Real estate charges (credits) incurred have been excluded because they are not considered part of our core operating results when comparing financial results from period to period and to industry peers. However, beginning in the fourth quarter of 2019, real estate charges (credits), while excluded in the period in which the charges (credits) are recorded, are included ratably over the remaining applicable lease term.
Prior to 2009, a significant portion of employee compensation was in the form of long-term incentive compensation awards that were notionally invested in AB investment services and generally vested over a period of four years. AB economically hedged the exposure to market movements by purchasing and holding these investments on its balance sheet. All such investments had vested as of year-end 2012 and the investments have been delivered to the participants, except for those investments with respect to which the participant elected a long-term deferral. Fluctuation in the value of these investments is recorded within investment gains and losses on the income statement. Management believes it is useful to reflect the offset achieved from economically hedging the market exposure of these investments in the calculation of adjusted operating income and adjusted operating margin.

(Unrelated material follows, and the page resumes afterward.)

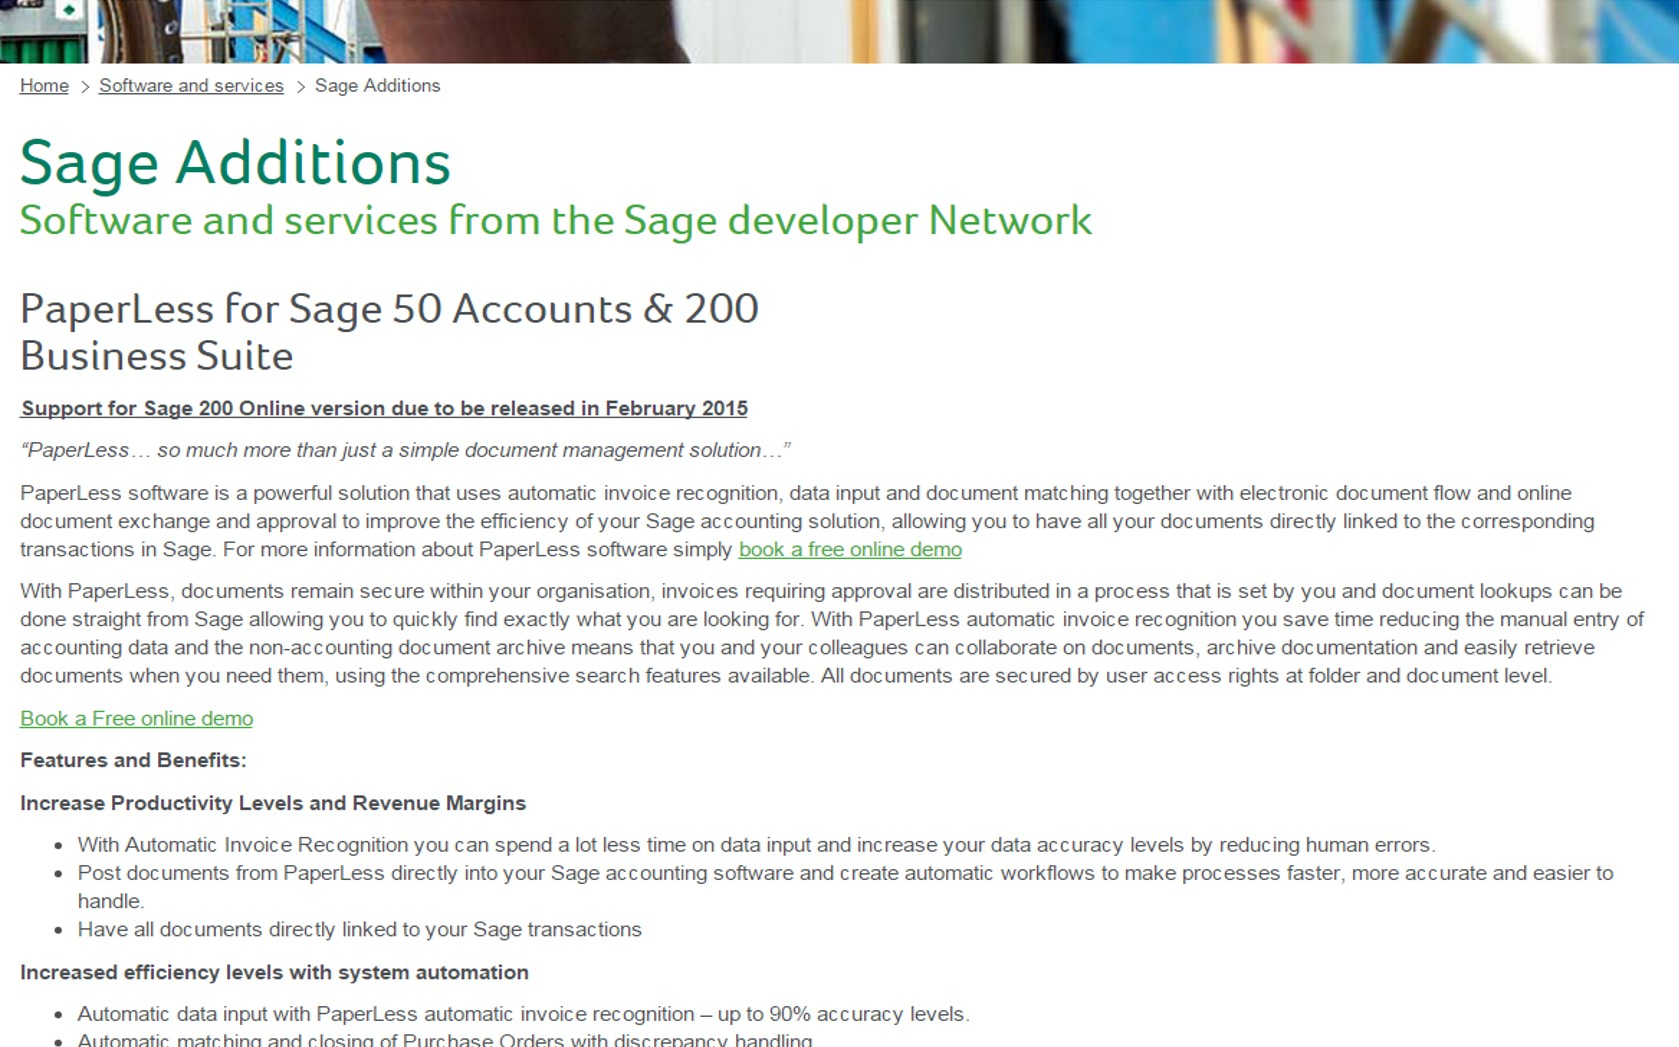 Sage Additions

The non-GAAP measures exclude gains and losses and dividends and interest on employee long-term incentive compensation-related investments included in revenues and compensation expense.
The board of directors of EQH granted to Seth Bernstein, our CEO, equity awards in connection with EQH's IPO. Additionally, equity awards were granted to Mr. Bernstein and other members of AB's senior management for their membership on the EQH Management Committee. These individuals may receive additional equity or cash compensation from EQH in the future related to their service on the Management Committee. Any awards granted to these individuals by EQH are recorded as compensation expense in AB's consolidated statement of income. The compensation expense associated with these awards has been excluded from our non-GAAP measures because they are non-cash and are based upon EQH's, and not AB's, financial performance.

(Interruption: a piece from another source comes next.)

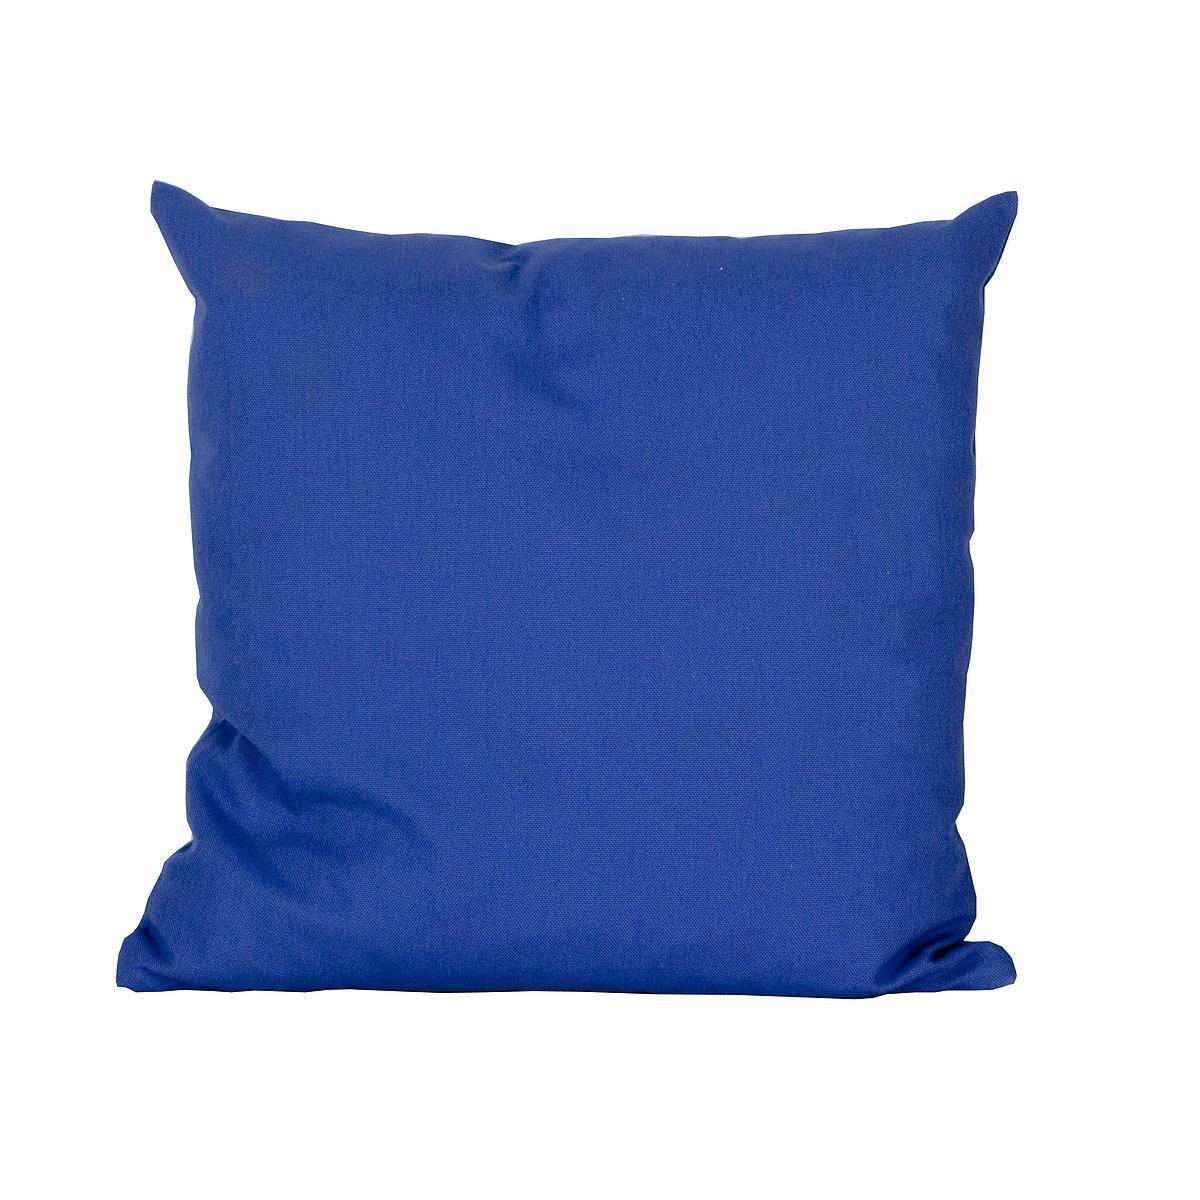 Kissen klein 40x40 DELUXE de Breuyn in dunkelblau

The write-down of the investment during the fourth quarter of 2021 has been excluded due to its non-recurring nature and because it is not part of our core operating results.
Acquisition-related expenses have been excluded because they are not considered part of our core operating results when comparing financial results from period to period and to industry peers. Acquisition-related expenses include professional fees and the recording of changes in estimates to contingent payment arrangements associated with our acquisitions. Beginning in the first quarter of 2022, acquisition-related expenses also include certain compensation-related expenses, amortization of intangible assets for contracts acquired and accretion expense with respect to contingent payment arrangements.

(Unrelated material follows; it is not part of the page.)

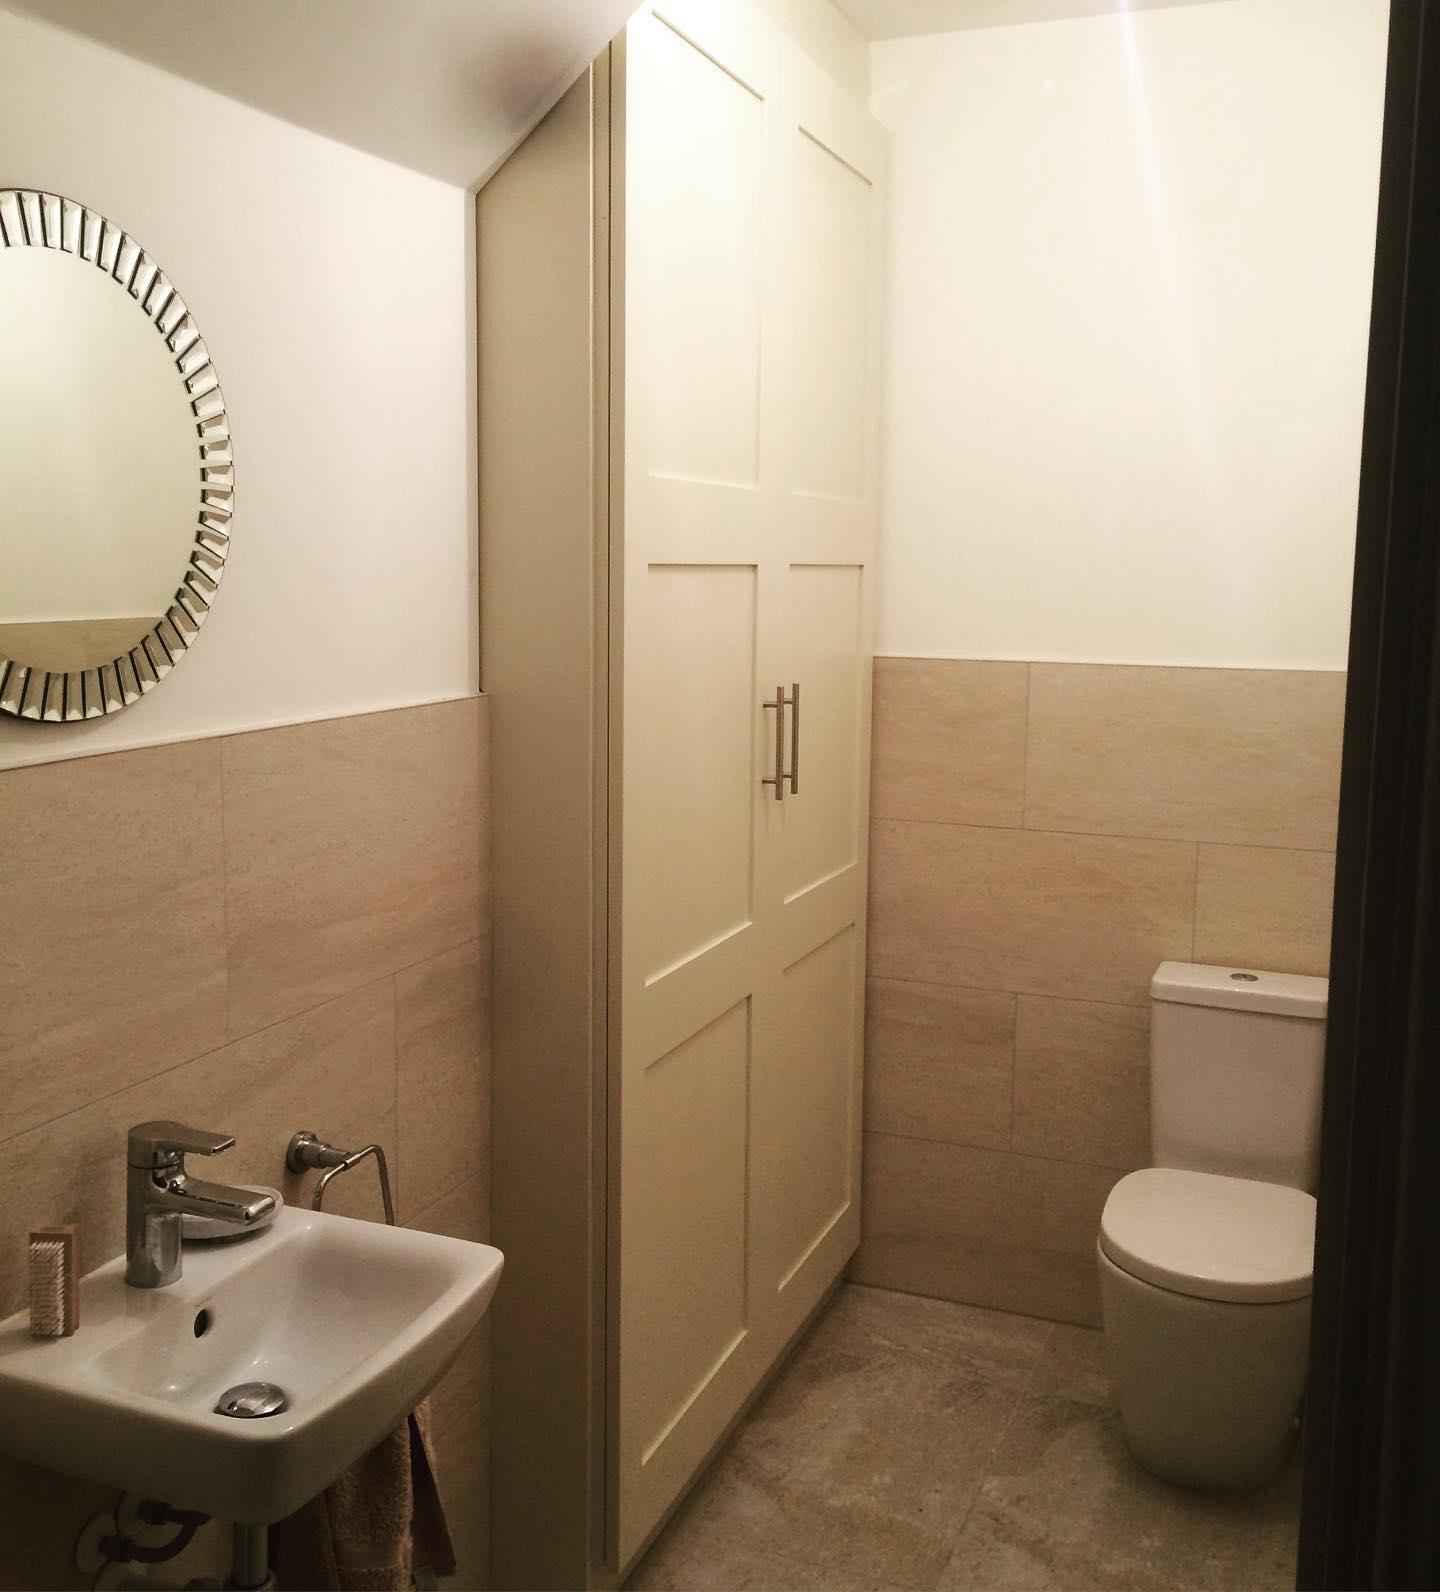 Fitted bathroom storage cupboard

We adjusted for the operating income impact of consolidating certain company-sponsored investment funds by eliminating the consolidated company-sponsored funds' revenues and expenses and including AB's revenues and expenses that were eliminated in consolidation. We also excluded the limited partner interests we do not own.
Adjusted operating margin allows us to monitor our financial performance and efficiency from period to period without the volatility noted above in our discussion of adjusted operating income and to compare our performance to industry peers on a basis that better reflects our performance in our core business. Adjusted operating margin is derived by dividing adjusted operating income by adjusted net revenues.